The Rosetta craft blasted into orbit from Kourou, French Guiana, aboard an Ariane-5 rocket. Two hours later the rocket's upper stage boosted the craft to the nearly 25,000 mph needed to escape Earth's gravitational field.

European Space Agency (ESA) controllers in Darmstadt then took command of the 3-ton craft — named for the Rosetta stone whose inscriptions provided the key to Egyptian hieroglyphs — and began bringing its systems to life, deploying its 105-foot solar panels.

The launch was more than a year behind schedule. ESA abandoned a January 2003 date after another rocket in the Ariane-5 family veered off course the previous month and had to be destroyed. Two launch attempts last week were put off, first because of high winds and then by a broken piece of insulation.
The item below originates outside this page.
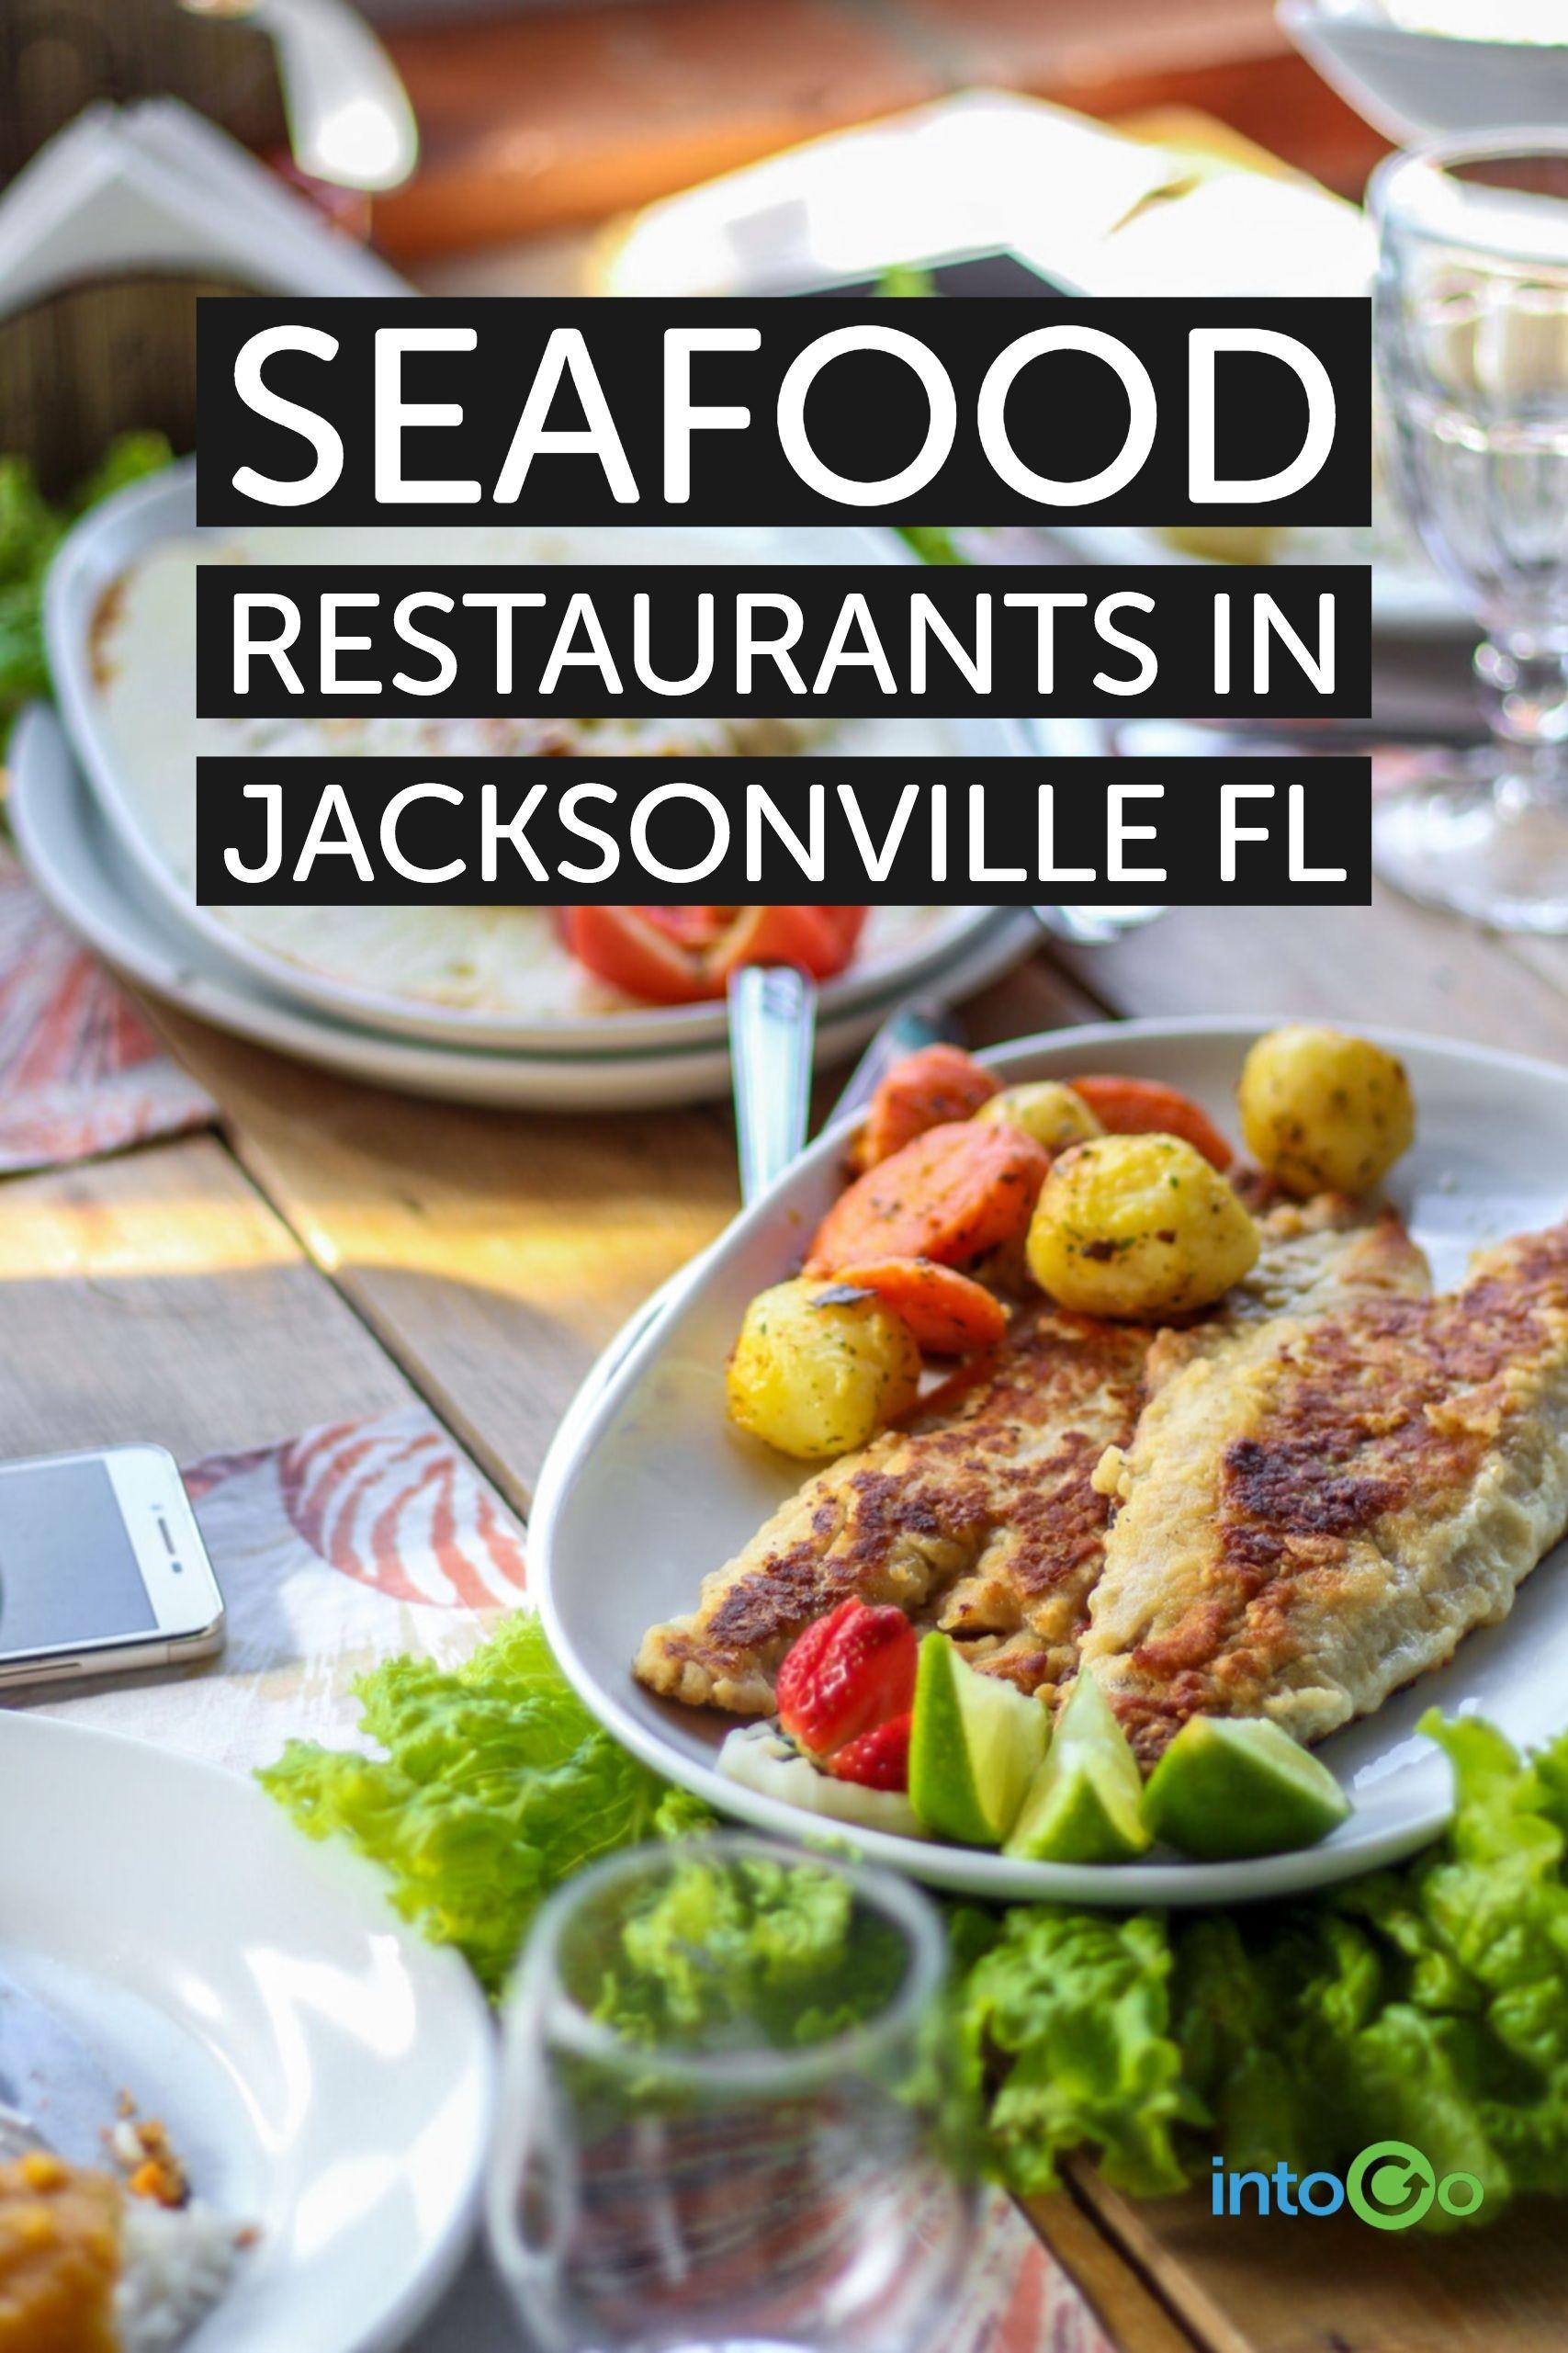 Amazing seafood restaurants in jacksonville intogo

Rosetta's destination — in 2014 — is a comet called 67P/Churyumov-Gerasimenko, an irregular chunk of ice, frozen gases and dust discovered in 1969 by Soviet astronomers Klim Churyumov and Svetlana Gerasimenko.
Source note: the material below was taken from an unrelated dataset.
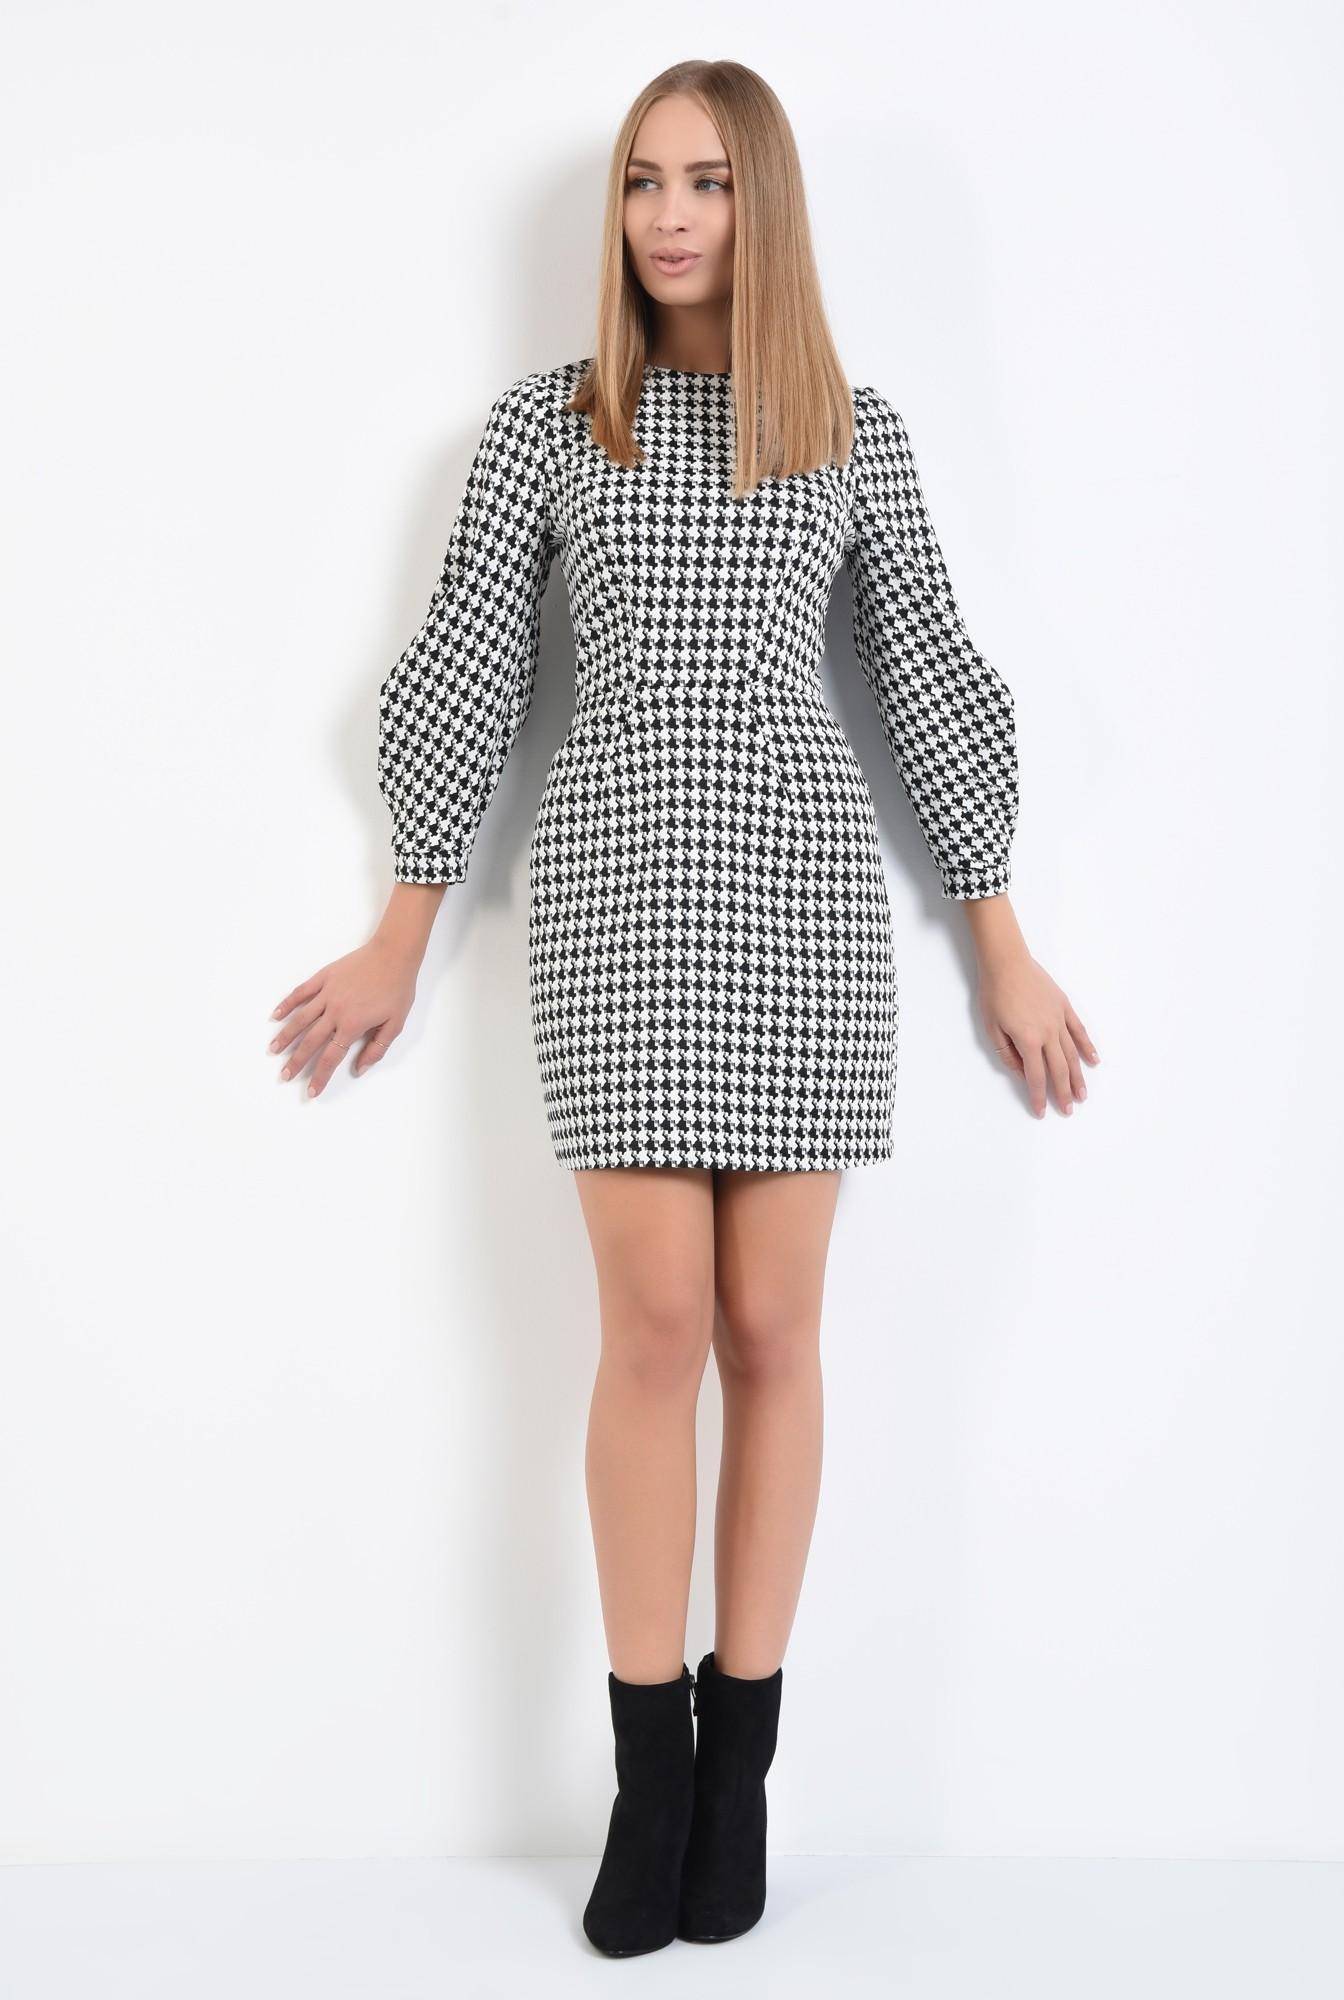 3 - rochie de zi, alb-negru, croi conic, mini

Rosetta must loop three times past Earth and once past Mars to gain speed, using the planets' gravitational fields as "slingshots."

While Rosetta orbits the comet, its lander will try to touch down, using a harpoon and spikes to grab hold. The comet has a diameter of three miles at most, and therefore its gravity is very weak.
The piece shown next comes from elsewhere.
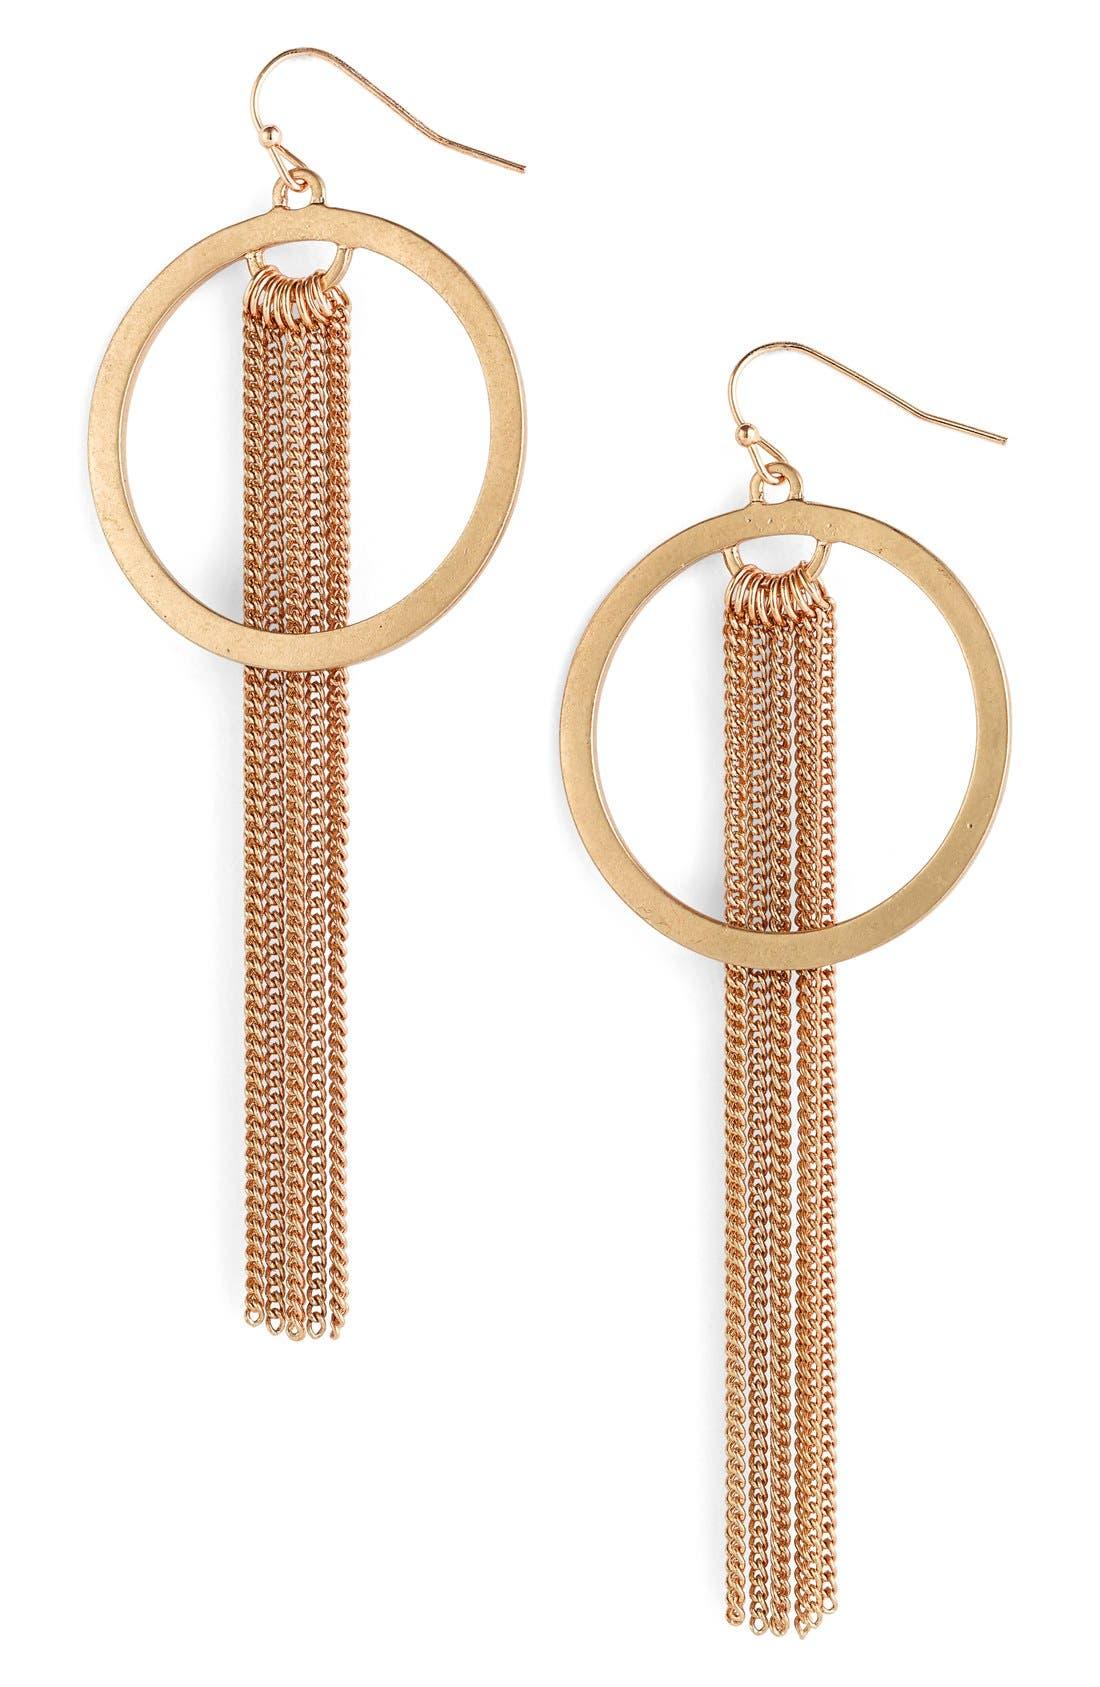 Alternate Image 1 Selected - BP. Circle Fringe Earrings

Scientists find comets interesting because they are considered to be much as they were when the solar system first took shape — unlike Earth and the other planets, which have undergone vast changes. But no one has been able to sink a drill in a comet and see what it is made of, as Rosetta's lander will attempt to do.

Scientists also believe that comets, which once pelted Earth, may have brought much of the planet's water, as well as compounds necessary to the formation of life, such as amino acids and substances based on carbon.

The lander will have at least a week's working life on the surface on its batteries, and up to six months if its solar panels can grab enough sunlight, Schulz said.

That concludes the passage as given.